The "Abe Doctrine" has thus been imposed by political elites without gaining public understanding or support. Abe can't claim an electoral mandate for this doctrine because he deliberately ignored it in his campaign. Policy wonks in Washington and Tokyo insist that the public needs to become more realistic and abandon pacifist norms without understanding why they have proven so resilient and why the Abe Doctrine is so unappealing to the public. In the current campaign, Abe is still harping on Abenomics because his goal of revising the Constitution is unpopular. Abenomics has been an unmitigated failure — it has neither revived the economy nor boosted household income, there have been no structural reforms and job growth has been concentrated in low paid, nonregular employment — and this is widely recognized within business circles and the wider public. Indeed, by yet again postponing the planned tax increase, Abe has implied that he has been unable to revive the economy. However, on the hustings, he calls on people to stay the course, promising to rev up Abenomics and really get the economy humming. "It just needs more time," he pleads. Right. Three-and-a-half years after he promised it would take only two years, Abe is still holding out hope and banking on the feeble opposition to secure a two-thirds majority in the Upper House — a crucial hurdle to his goal of revising the Constitution.

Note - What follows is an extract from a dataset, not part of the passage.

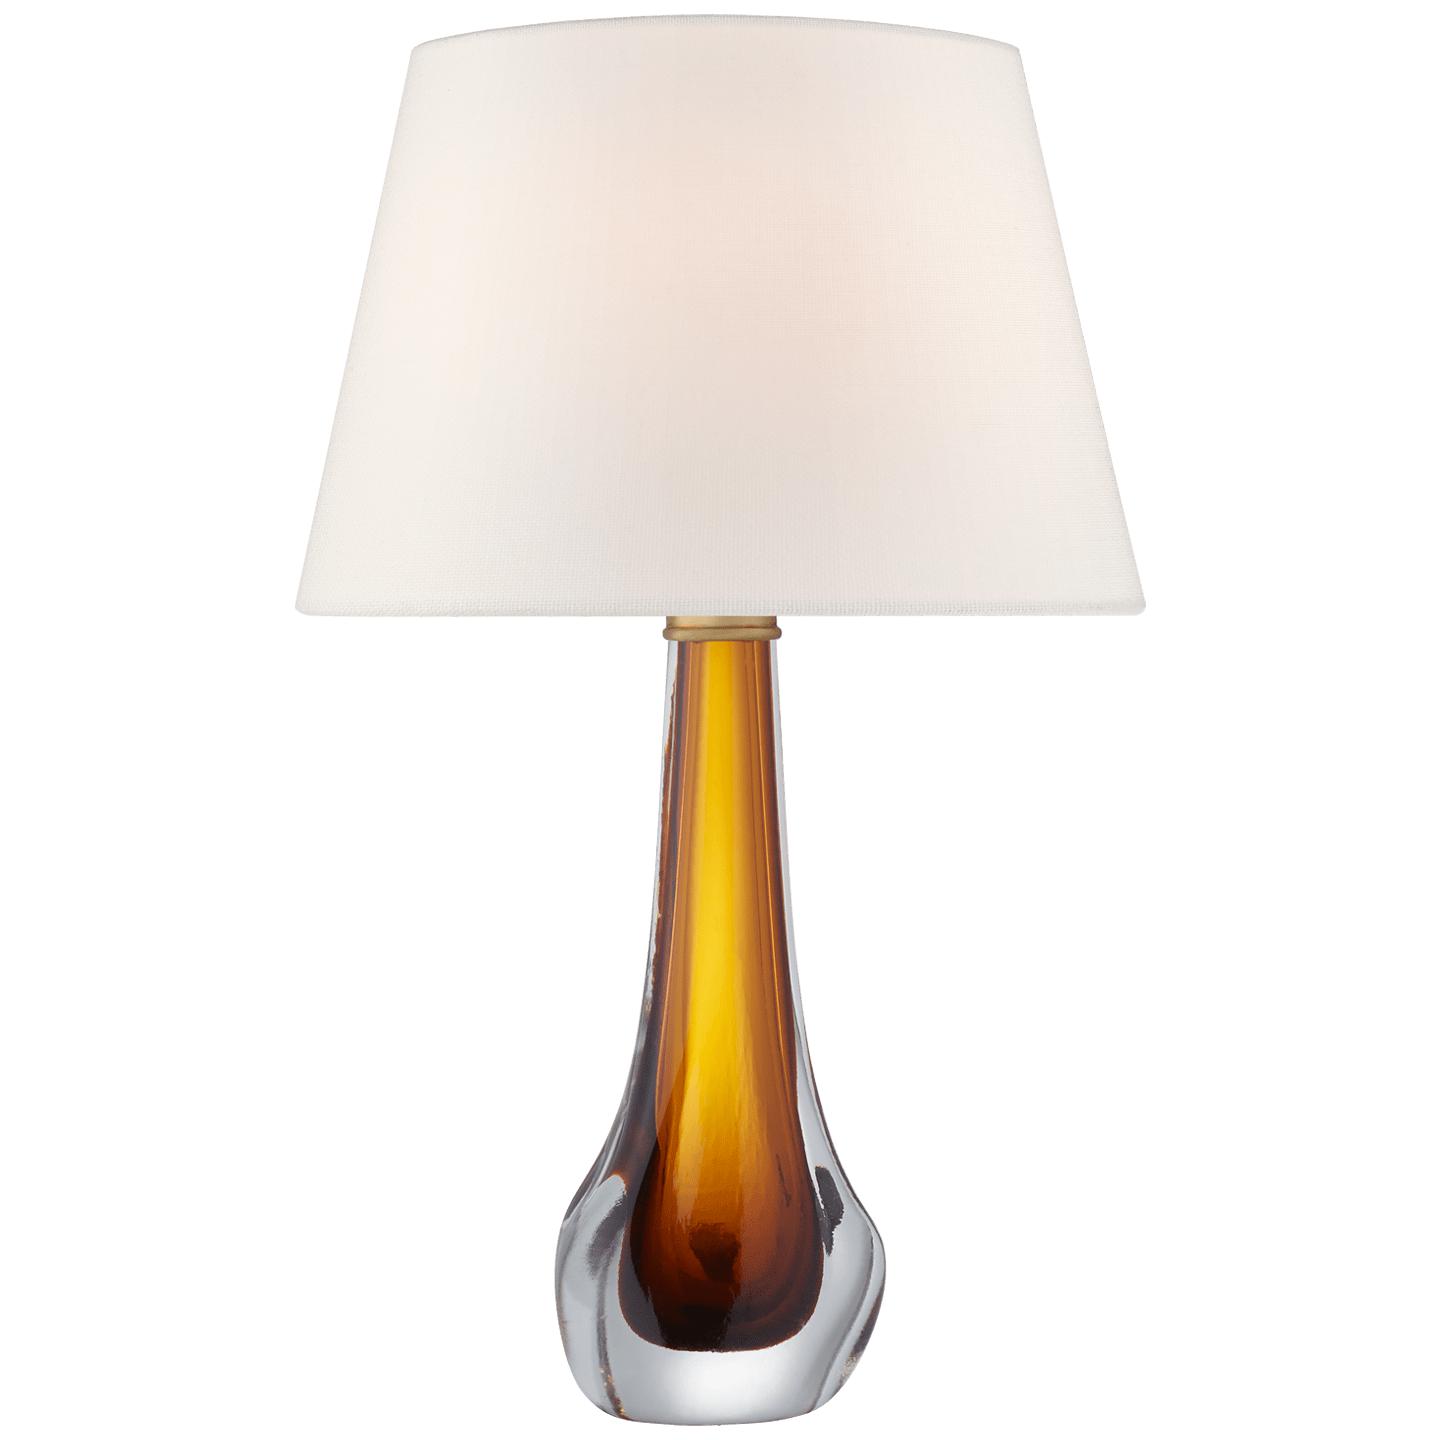 Купить Настольная лампа Christa Large Table Lamp в интернет-магазине roooms.ru

That feeble opposition is pointing out that earlier this year, Abe spilled the beans about wanting to push through constitutional revision. In March, he admitted during Diet interpellations that he had not yet won public understanding for this cherished goal. Apparently he doesn't think that an election campaign is an ideal venue for detailing his plans to revise the Constitution, so he is resorting to the mendacious bait-and-switch strategy that has served him well. Taking down Japan's pacifist and popularly supported Article 9 is the obvious target.